Is your horse a saint?

Is he one of those angels so quiet you can do anything with him?

If he’s not, I’m betting you’ve met that horse before – the really reliable one at the riding school, the ‘bombproof’ child’s pony (have you thought about how unnatural it is for a prey animal to be ‘bombproof’?). A little dead to the leg and hand, perhaps, but makes up for it by being obedient, still, tolerant, tidy….

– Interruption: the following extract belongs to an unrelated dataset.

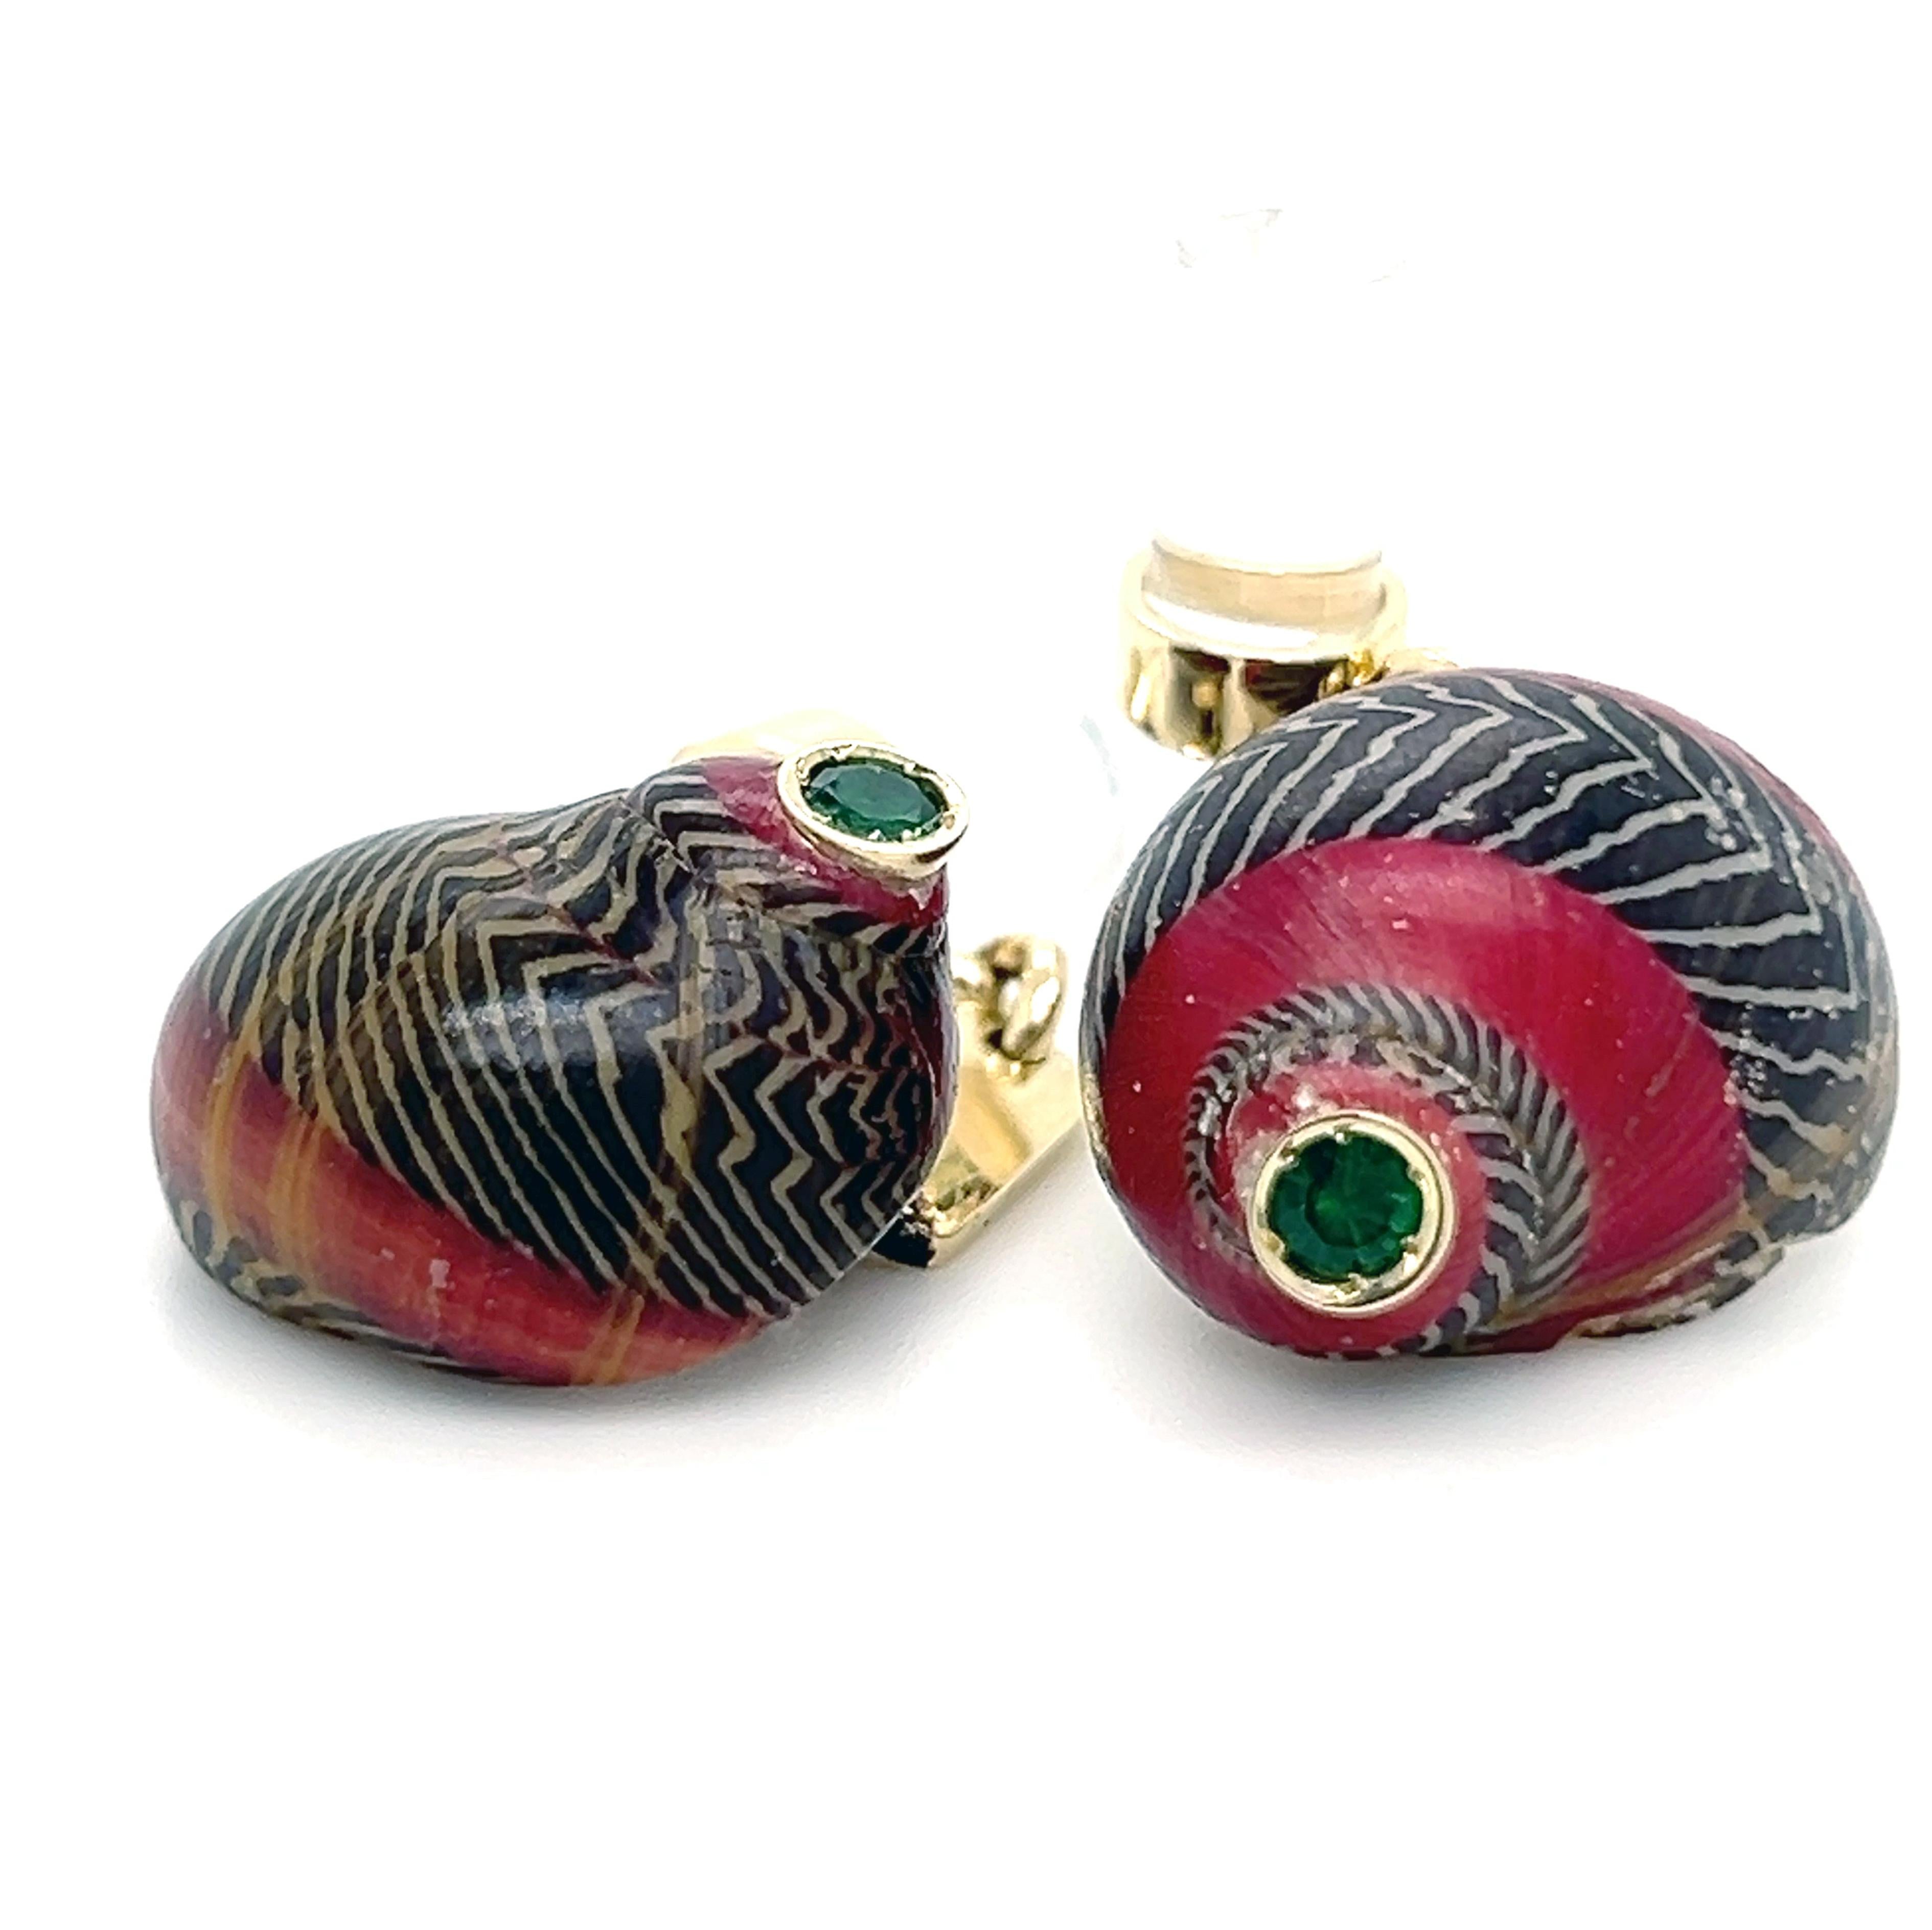 Unique and one-of-a-kind pair of cufflinks featuring a top quality Emerald Brilliant Cut in a Red Black and White Seashell shaped reconstitued Mother-of-Pearl Hand Enameled Back , Yellow Gold Setting. A chic hand inlaid natural Transparent Rock

Ever wonder how he got like that? He wasn’t born that way.

What happened to the bouncy foal he used to be?

Your horse is a prey animal, and his VAGUS NERVE is a massive contributor to his survival. It is the sensor that tips him in and out of a DEFENCE state when there’s a threat signalled.

When a threat first appears, he turns off that playing/resting/digesting way of being and goes into the FIGHT OR FLIGHT picture we are used to seeing in a horse that we like to label ‘spooky’ or ‘sharp’. His heart rate rises, his head rises, he can’t be still, he can’t pay attention.

The vagus nerve also lets him interact socially and be playful when – and only when – his system is content that there’s no threat.

WHAT HAPPENS if he spends too long in a fight/flight state that he can’t resolve? Eerily, it’s this – he ‘freezes’ and shuts down his reactive systems. Instead of his body chemistry giving him everything he needs to get out of his situation, it gives up and tries to let him survive it. Just survive.

He’s the horse in that top paragraph.

When your horse is in a defence state, whether up or down, he can’t think straight, or relax, or yield to whatever your request is. Not letting you in is the only way he can protect himself.

It’s a warning light and it needs to be your top priority. ‘Pushing on through’, ‘not taking any nonsense’, not ‘letting him away with that’ might seem heroic, but be careful you don’t get your excited response by pushing him to a freeze state where he’s just shut down… 

It’s not safe to ignore the warning lights.